После падения сохранил сознание, но было очень больно — руку, похоже, я себе сломал, что-то очень уж неприятно хрустнуло. Да, неприятный штраф, причем в самом начале моего похода здесь, должного изменить мир.
Некоторое время лежал, пытаясь прийти в себя. Отсюда был виден светлый проем выхода в сарай — широкий, телега въедет. Чуть дальше вижу двор с изгородью, сплетенной из тонких древесных стволов. В темноте сложно понять, что это такое, но видел я такие в деревнях, удаленных от цивилизации, так что догадался.
Присматриваясь, почувствовал, как холодок по спине пошел и волосы на затылке шевелятся. На прутья изгороди вверх дном насажены самые настоящие печные горшки, утончающиеся к низу, чтобы их ухватом можно было из печки доставать. Но, что приковало взгляд — среди них я увидел узнаваемый и на подсознательном уровне неприятный взгляду силуэт.
На изгороди среди печных горшков висел штальхельм, немецкая пехотная каска. Очень не понравилось мне это зрелище, наводя на самые разные тревожные мысли.
Сломанная рука почти забылась — похоже, могут быть неприятности гораздо хуже.
Пока собирался с мыслями, что делать и куда дальше идти, в широкий проем выхода одна за другой прокрались три фигуры. Поначалу насторожился было, но быстро расслабился: подростки, судя по силуэтам. Все трое залезли по лестнице наверх, где я только что спал, и с громкими криками начали ворошить сено.
Понятно — «я» отправился спать на сеновал, «меня» пришли пугать.
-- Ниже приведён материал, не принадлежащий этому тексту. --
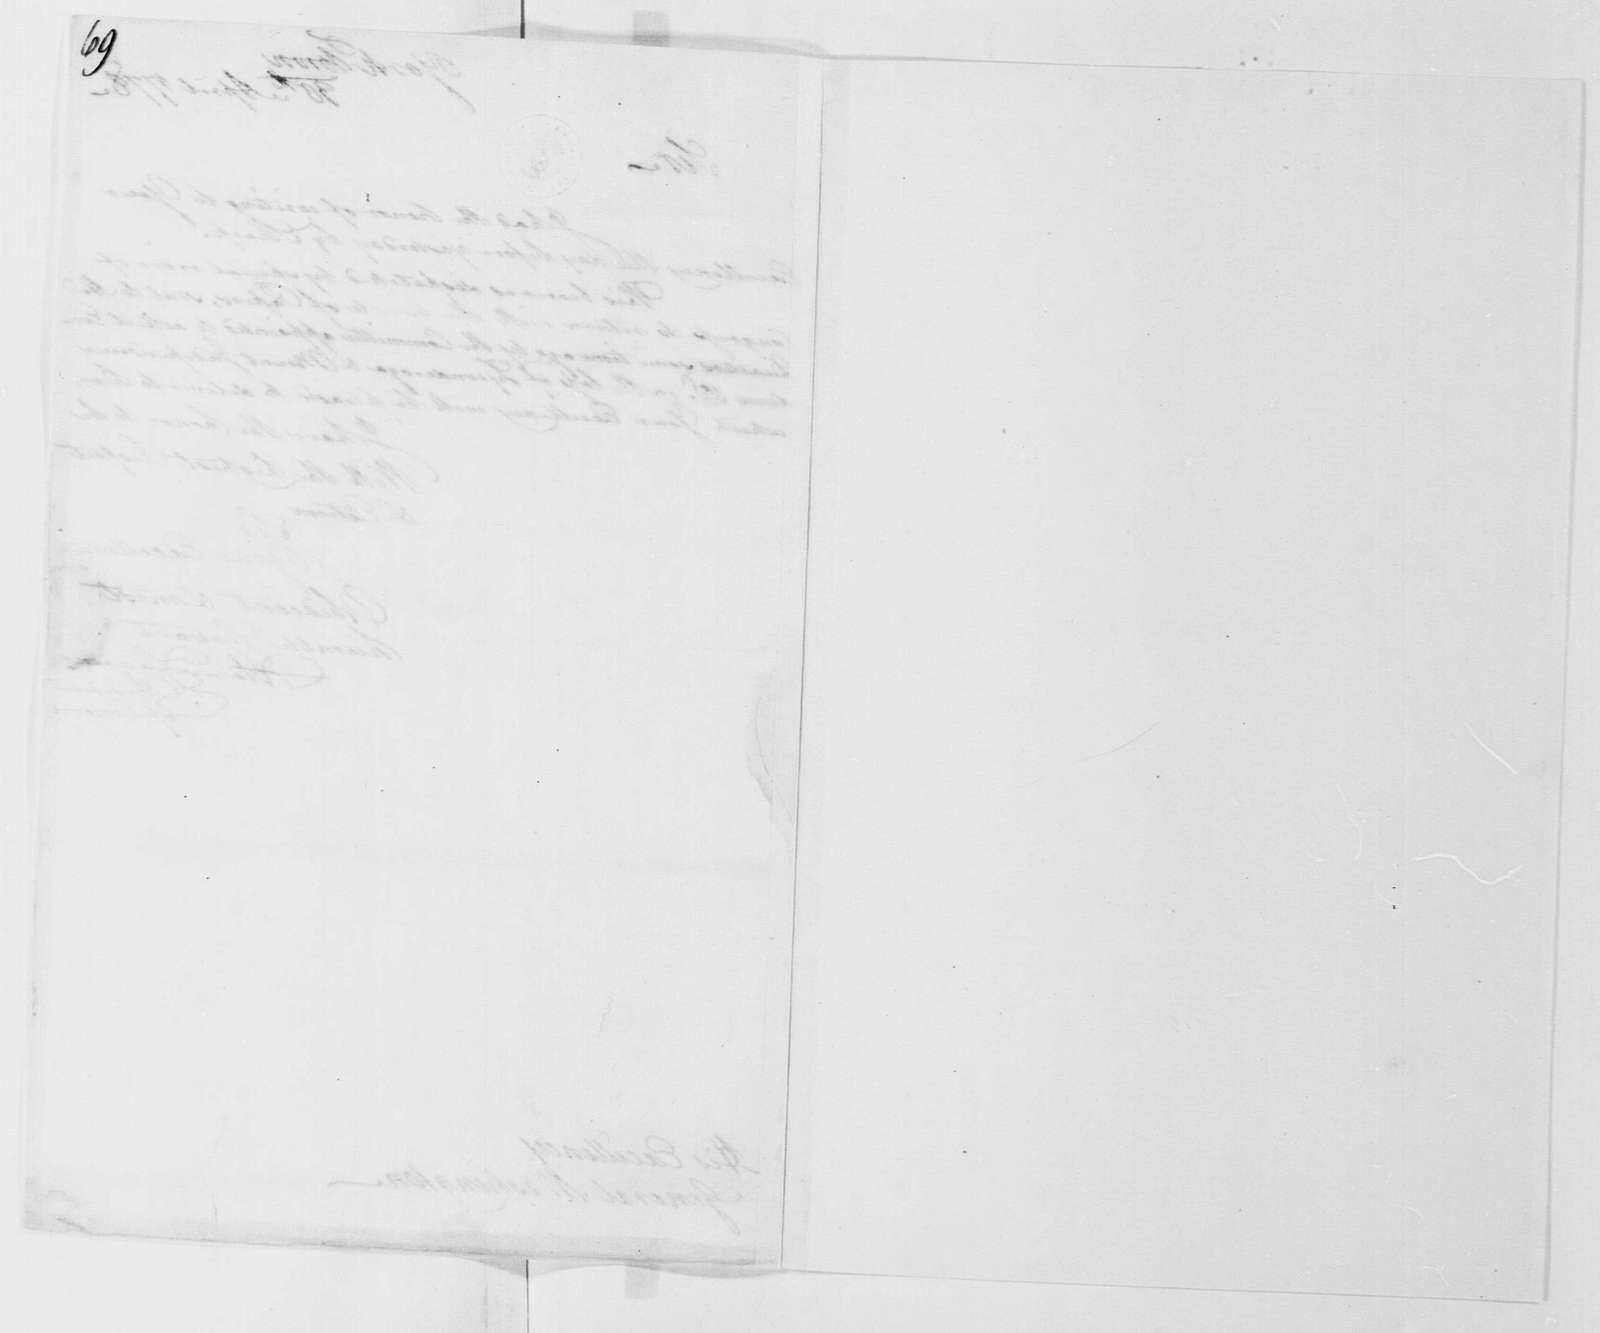 George Washington Papers, Series 4, General Correspondence: Continental Congress to George Washington, April 30, 1778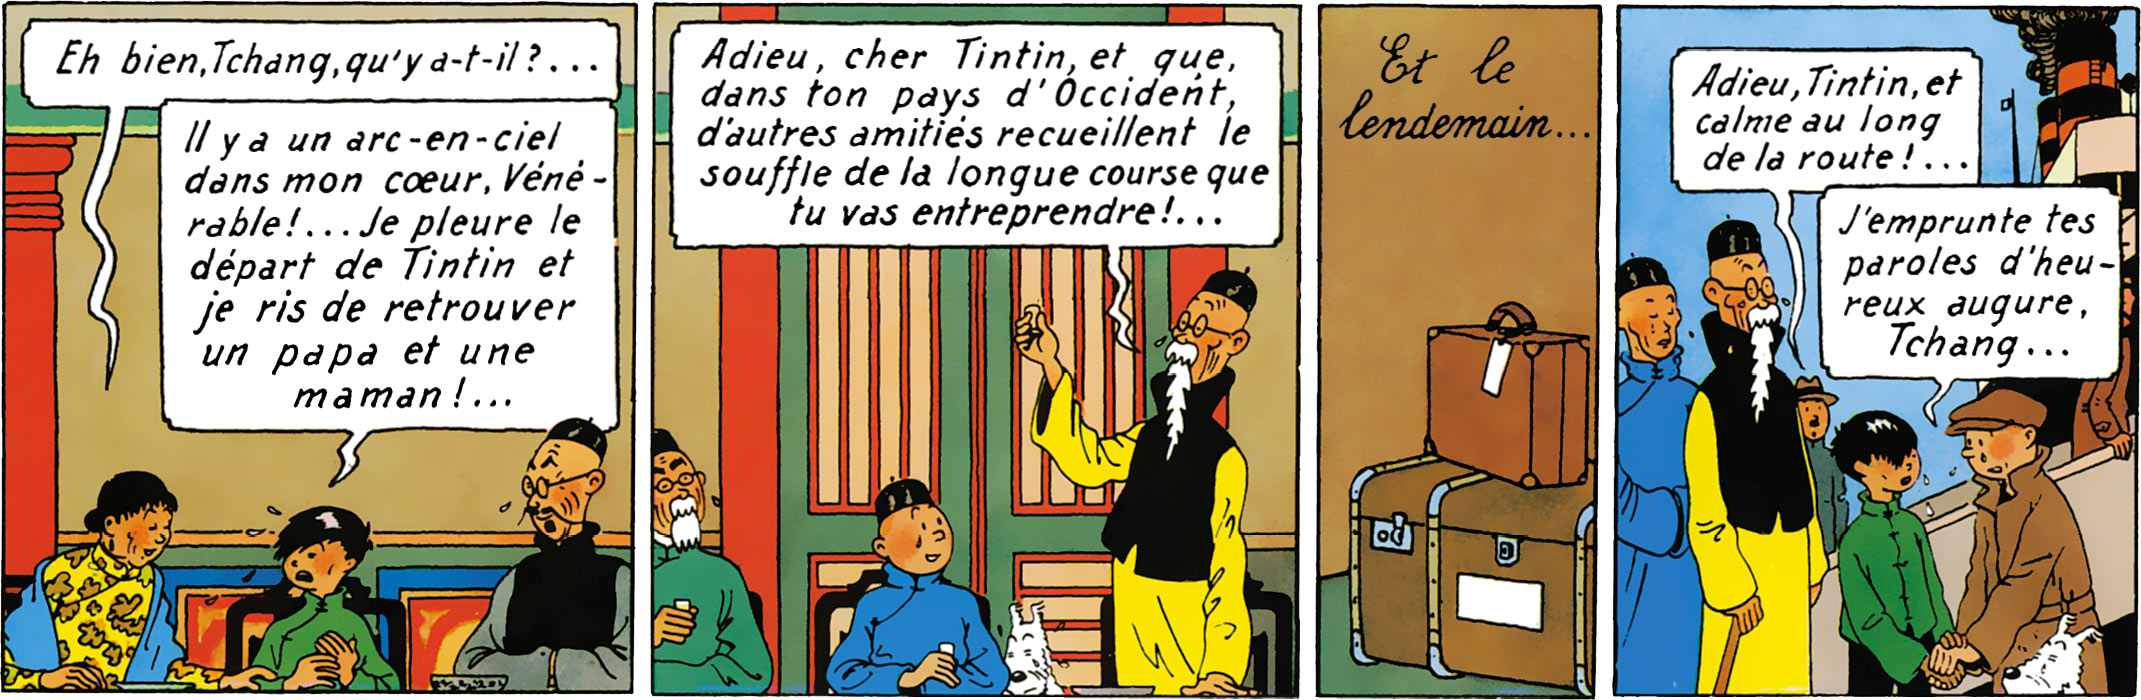 Fin du Lotus bleu Tintin dit au revoir à Tchang

Кроме того, спокойствия прибавили крики, в которых промелькнули некоторые современные, назовем их так, обороты. Не на войне я, теперь точно. Где-то неподалеку от привычной современности, из которой сам впервые в Альбион попал.
— Илья? Илья, да где ты? — как раз закричал один из гостей, расстроенный неудачей в попытке напугать меня.
Так, реципиента зовут Илья. И похоже, я подросток — в темноте с этими падениями и переживаниями времени осмотреть себя не было, но есть ощущение, что телу еще расти и расти. Возбужденные возгласы и крики продолжались, в голосах явное недоумение.
— Свалил, что ли? Илья⁉
— Йа… йа с-с-сдесь, — не сразу получилось произнести у меня внятно. — Я упал…
— Куда упал?
Вся троица гульбой слетела по приставленной к мезонину лестнице, наводясь на мой голос.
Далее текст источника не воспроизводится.